The original

It has been about a month since I did my daily research at Respage01, during which I was confused about the value of daily research and the lack of spare time. But confusion is confusion, or the more confusion is to try to understand the world. The goal of RESPage02 is to study the flow of people in small areas. The flow of people in a small area is one of the information I always want to get, and the “situation” here is the biggest information we can get. As people travel in more and more diversified ways, I think it is difficult to fully describe the flow of people except for the government to install monitoring at the intersection. What we can do is to reflect this “situation” in a partial way through some or some ways of travel.

imagination

My imagination about one-sided control of abortion situation has several:

  • The distribution data of shared bikes were collected to reflect the movement of people in a small area.
  • The real-time distribution data of online car hailing are collected to reflect the flow of people and traffic conditions in the city.
  • A high-definition camera captures video from a specific Angle of a street, and identifies movement data to reflect a single point of flow.
  • Proactively collect mobile device data through wifi sniffer.

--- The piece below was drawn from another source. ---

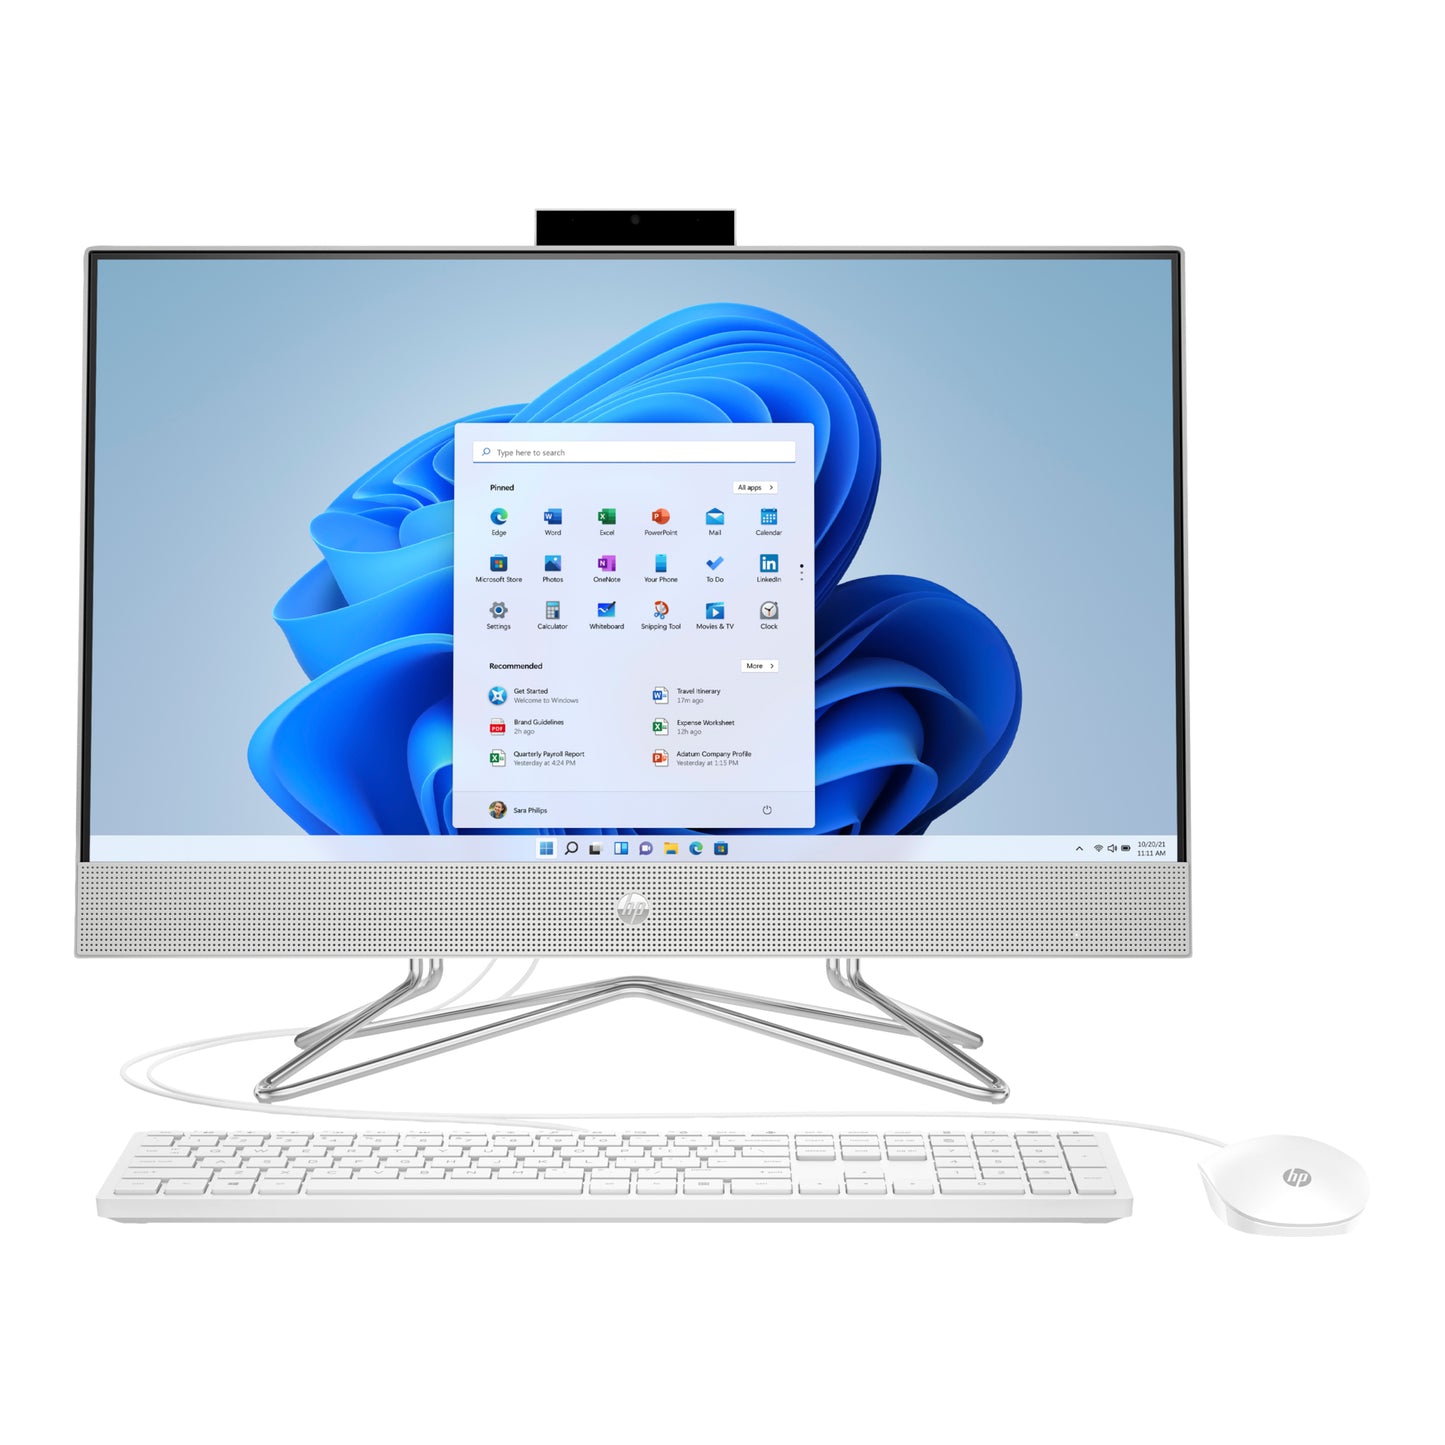 Hp Aio 24-DP1056QE Core i7-1165g7 23.8" Touchscreen Desktop Computer Offers (Brand New)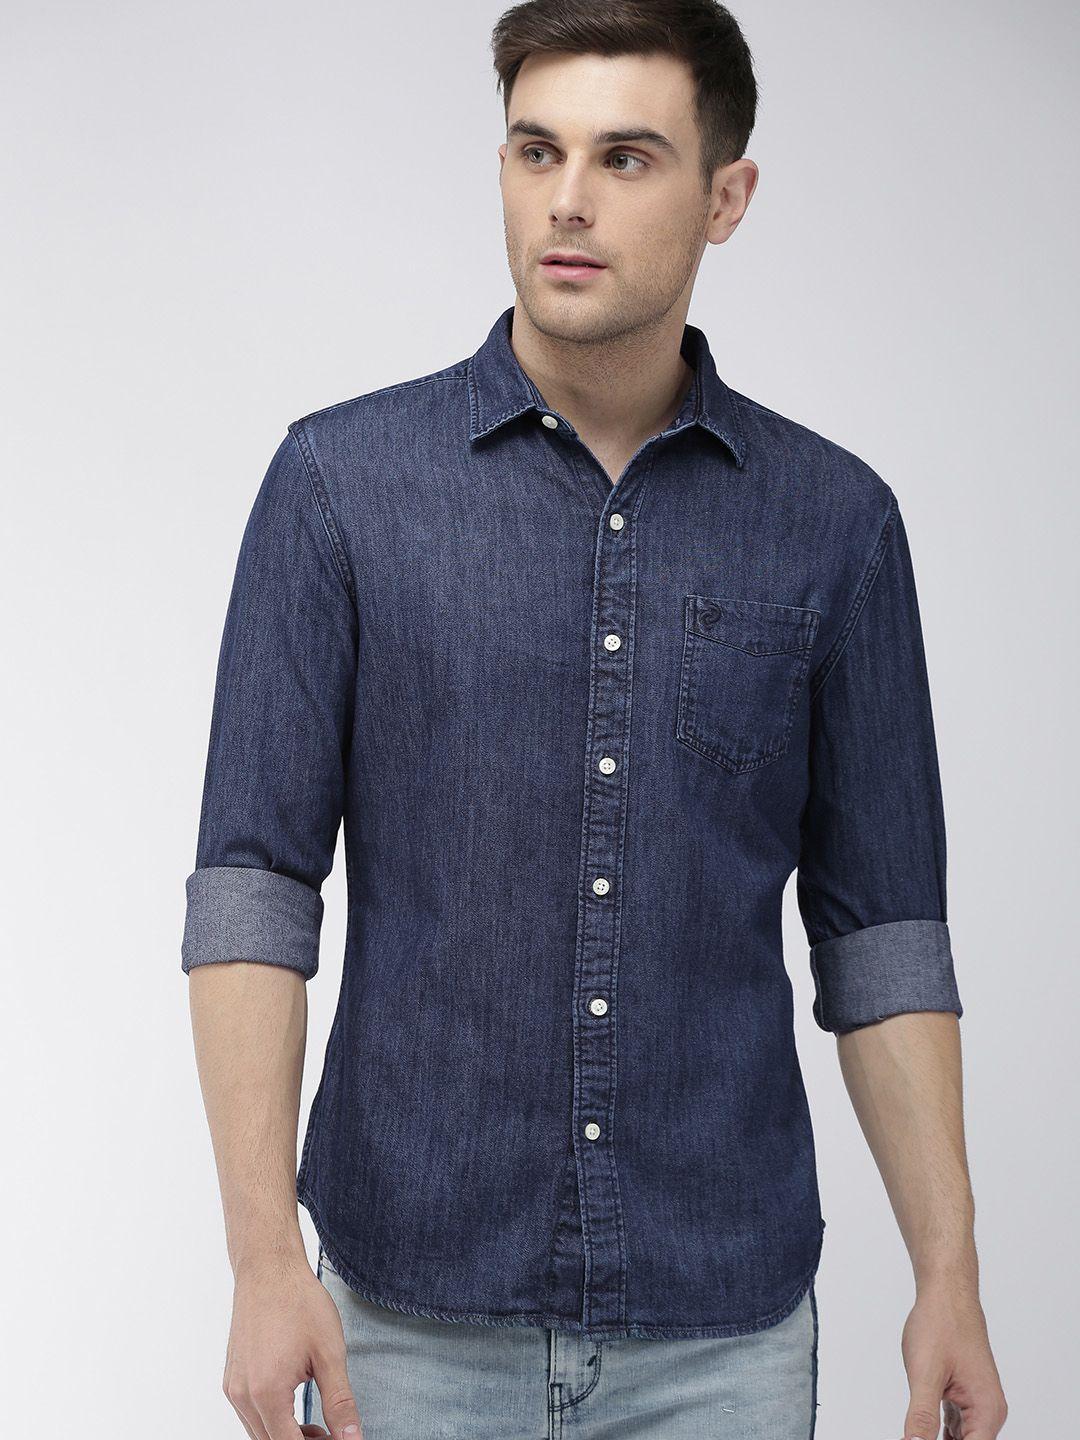 denizen-from-levis-men-blue-regular-fit-solid-denim-casual-shirt

The meaning of imagination is to let you have time to study, I just chose the most convenient data of shared bikes, because the shared bikes move slowly, without the pursuit of climbing speed, it is possible to obtain research results.

Interface to get data

About access to Shared cycling (mo) articles have a lot of data, the main idea is through the study of API, bicycle WeChat applet simply caught can find rules, the following interface can bike around a position information, the POI data and access to baidu map, try to increase the patch, can get complete data as far as possible, Because according to observation, the number of nearby bicycle interfaces is limited:

URL = "https://mwx.mobike.com/nearby/nearbyBikeInfo?biketype=0" + \
      "&latitude=" + lat + \
      "&longitude=" + lng + \
      "&userid=" + userId + \
      "&citycode=0579"
Copy the code

Acquisition window

Using the same rectangular window scan as the POI data, to speed things up a bit, I simply added a process to collect at the same time. To reduce the blocking risk, I also prepared two userids and two scan areas. (Advanced collection, multi-process or coroutine + proxy for faster and more complete collection, but I don’t need it at present)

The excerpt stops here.